Thoughts, stories, and data.

11 Jul 2021

Run Code Locally

XKCD 378

Developers tend to be very opinionated about the tools they chose. It mostly comes down to personal preference and what somebody is comfortable and most productive with. Imagine telling an Emacs user they have to use VIM to get any work done. There would be pitchforks in the streets!

In the data world, this notion of choosing your tools is completely thrown out the window.

Why is that?

The whole notion of “big data” is that you have to do things that won’t fit on a single computer. It’s not like developing a web application with a local database and your code, browser, etc. If your data can’t live next to your code, then the next natural step is to run your code next to your data.

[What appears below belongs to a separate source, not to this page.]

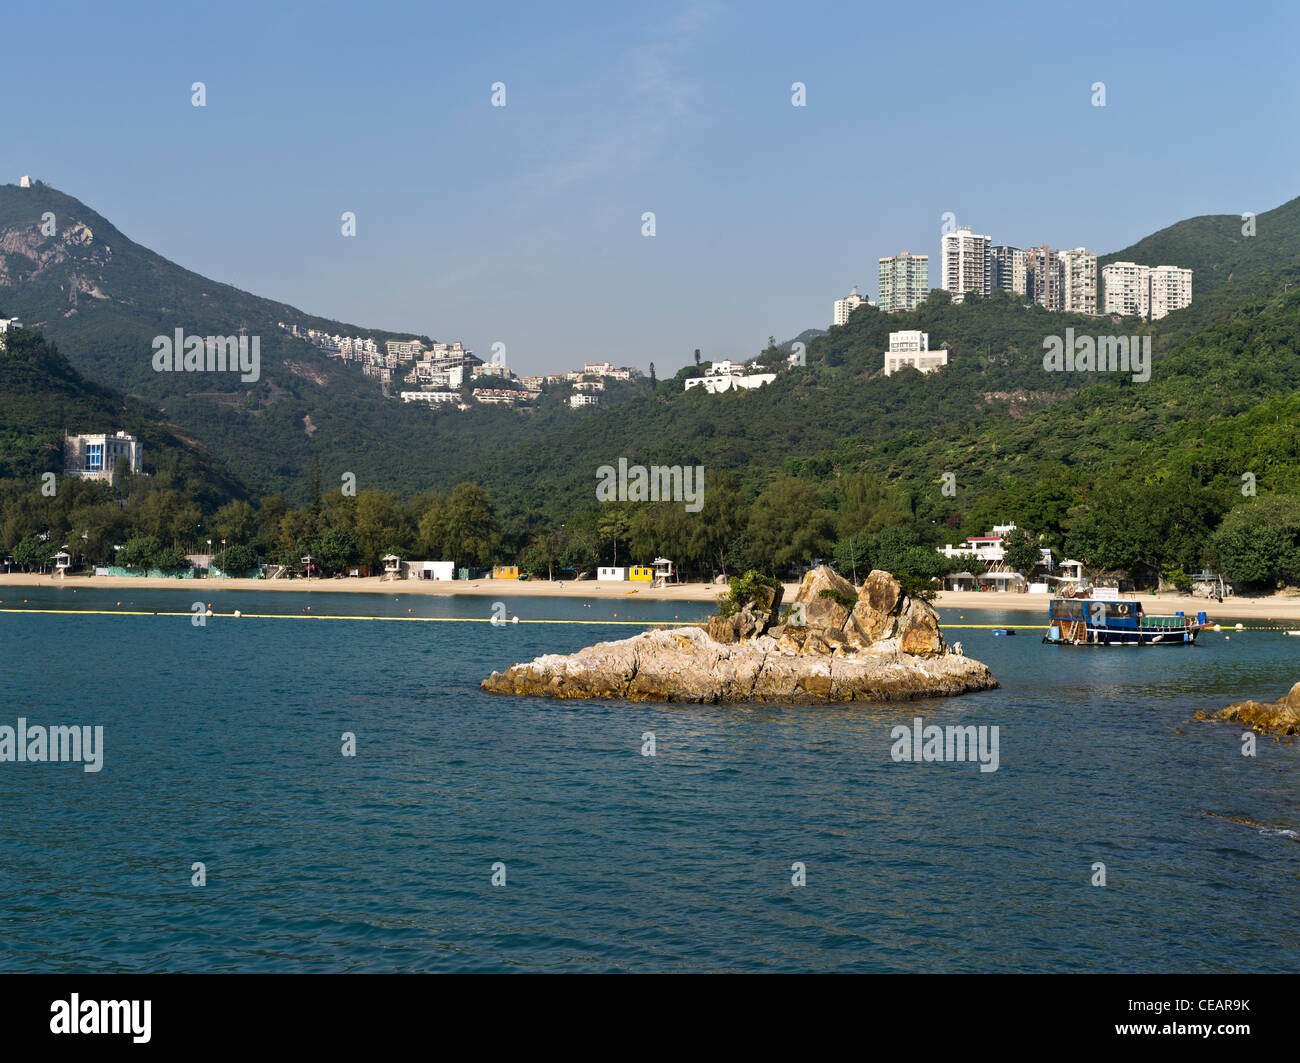 Dh agua profunda Bay en la isla de Hong Kong y la playa apartamentos con vistas a la bahía Foto de stock

Every single product I’ve run across solves this the same way, by hosting a remote notebook that you interact with through the process. Don’t get me wrong; this is great for getting up and running quickly and more ad-hoc analysis but isn’t without its downsides.

Forcing a specific tool

Some people like VIM, some Emacs, some like VSCode. Developers should use whatever they are most productive with. I believe everyone should be able to use whatever they like to get the job done.

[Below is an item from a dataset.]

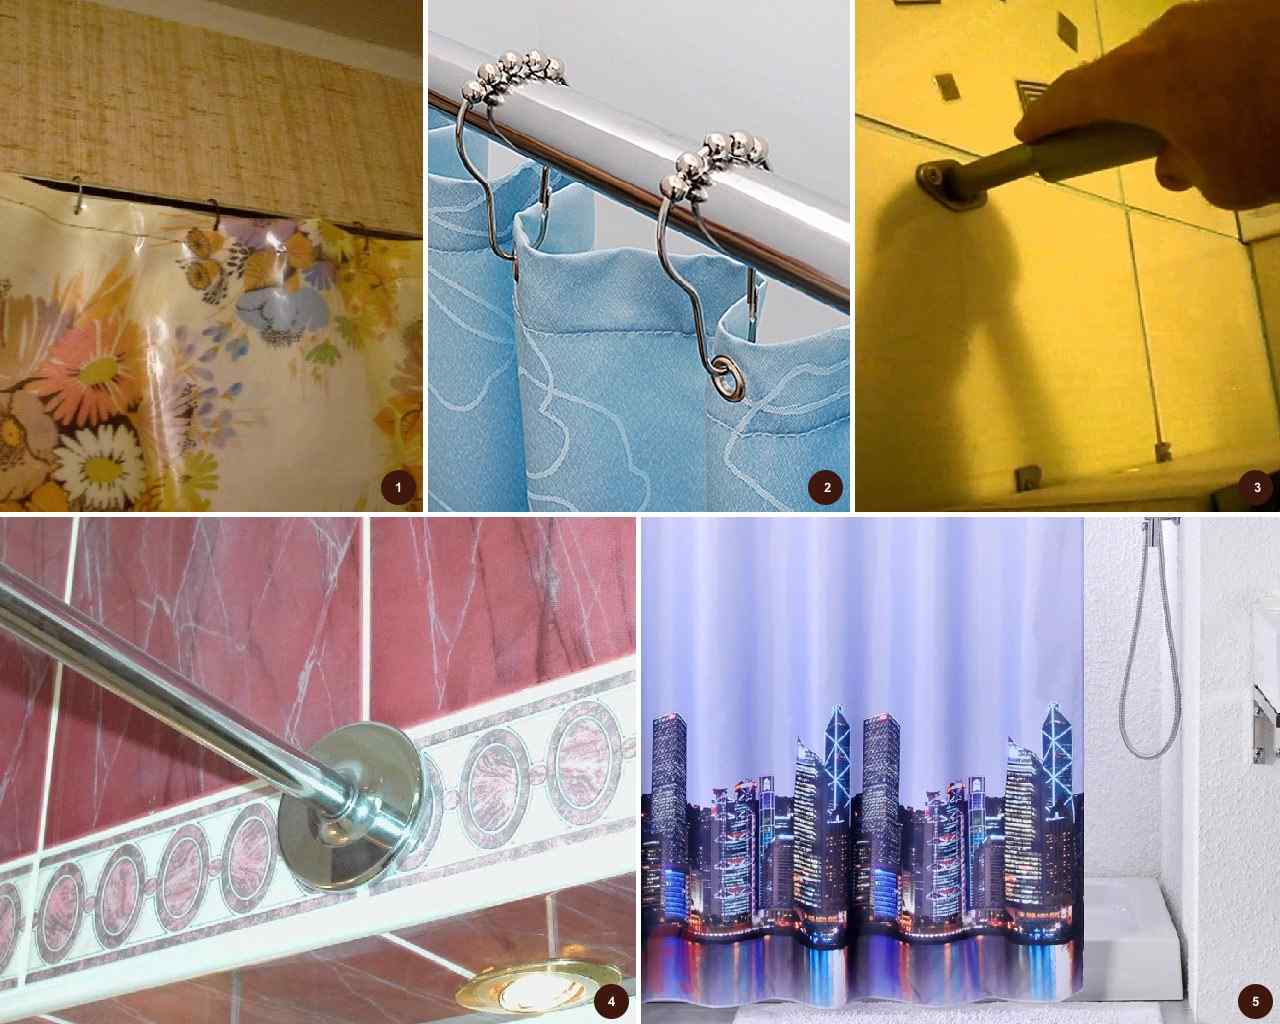 Как установить шторку для ванной - установка шторки в ванную комнату своими руками - vannayasvoimirukami.ru

Difficulty managing large projects

When working on larger, production-grade projects, you aren’t going to be putting everything into a single notebook and running it. You’re gonna have multiple directories, modules, classes, configurations, etc. I’ve found many of these hosted notebooks difficult to work with on larger projects.

Going to production isn’t so straightforward

This is highly dependent on what platform you’re using. An all-encompassing platform like Databricks makes this pretty seamless. Other tools like Zeppelin are not so straightforward. Ideally, you’d want how to run in production to be similar to how things are run in dev.

Ok, great, I want to run my code locally!

Sad to say, I don’t think the industry has gotten to this point yet. In my opinion, the developer experience in the data world is still in the very early stages. There also may be certain use cases where you would always have to run remotely such as complex ML models that need certain GPUs.

In Spark, I’ve tried to solve this in two different ways. One by extending pyspark’s py4j to connect to a remote JVM in a project I call Pyspark Gateway. Another where I expose the pyspark API as an RPC interface in a project I call PysparkRPC. Both these projects assume most of your heavy computation is going to be done inside the JVM on the cluster. Then Python into more of an orchestration layer rather than a programming language.

As I mentioned earlier, I still think we are early on in the developer experience. Your tools should enable your end goals and get out of the way as much as possible. I want to continue to explore this problem and see what else I might come up with.

A happy developer is a productive developer.